Die Klägerin hatte zudem ein Pferd. Dieses befand sich nach ihren Angaben in einem Pensionsstall in „Vollpension“ (d.h., die Box wurde vom Betreiber des Pferdehofes gereinigt, mit Heu / Einstreu versorgt, wie auch für Wasser und Futter gesorgt und regelmäßig auch für Auslauf). Darauf basierend negierte der Senat einen Ersatzanspruch der Klägerin für einen Haushaltsführungsschaden.
Anmerkung: Dieser Ansicht des
Senats ist zu folgen. Der Haushaltsführungsschaden soll vermehrte Bedürfnisse
finanziell abdecken. Wenn sich aber die Klägerin um das Pferd nicht kümmern
musste, da es in Vollpension stand, gab es keine Verpflichtungen der Klägerin
für das Pferd und konnten auch Aufwendungen dafür (sei es auch fiktiv dadurch,
dass andere Personen des Reitstalls nun für die Klägerin tätig wurden)
entstehen.
Zutreffend wies der Senat darauf hin, dass gegebenenfalls die Aufwendungen der Klägerin für die Unterstellung des Pferdes einen ersatzfähigen Schaden nach § 249 BGB darstellen könnten. Dies wäre dann der Fall, wenn das Pferd z.B. von der Klägerin gehalten wurde, da sie es ritt. Konnte sie verletzungsbedingt das Pferd nicht nutzen, hatte sie Aufwendungen für das Pferd (durch das an den Reitstell zu zahlende Entgelt, welches sie hier als Schadensposition hätte geltend machen können. Dies wurde aber von der Klägerin nicht geltend gemacht; dazu hätte sie die Kosten darlegen und im Bestreitensfall nachweisen müssen.
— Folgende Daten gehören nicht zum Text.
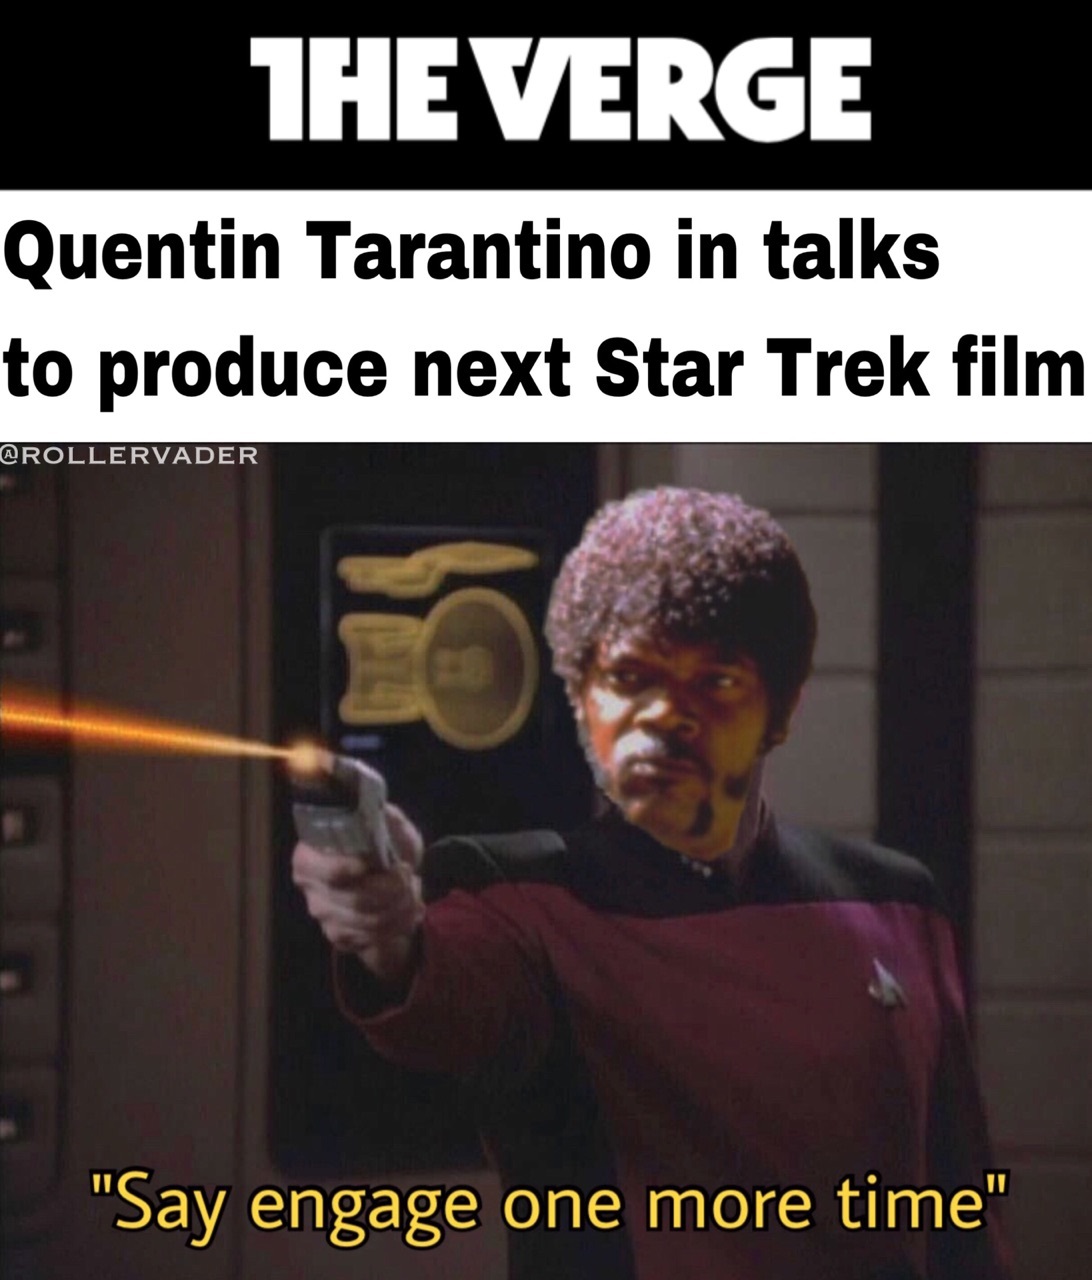 Photoshopped meme of Quinten Tarantino is going to direct Star Trek with the verbose Jules Verne daring someone to say engage one more time

Das OLG hatte sich im Übrigen zum weiteren Haushaltsführungsschaden der Ansicht des Landgerichts angeschlosssen, dass die Klägerin täglich vier Stunden im Haushalt tätig war und den für die Entschädigung zugrunde liegenden Stundensatz mit dem im fraglichen Zeitraum mit € 8,50 geltenden Mindestlohnsatz angenommen. Gemäß der prozentualen Höhe des Ausfalls der Klägerin bei den Haushaltsarbeiten hatte es den Entschädigungsbetrag dann für die entsprechende Zeitspanne berechnet.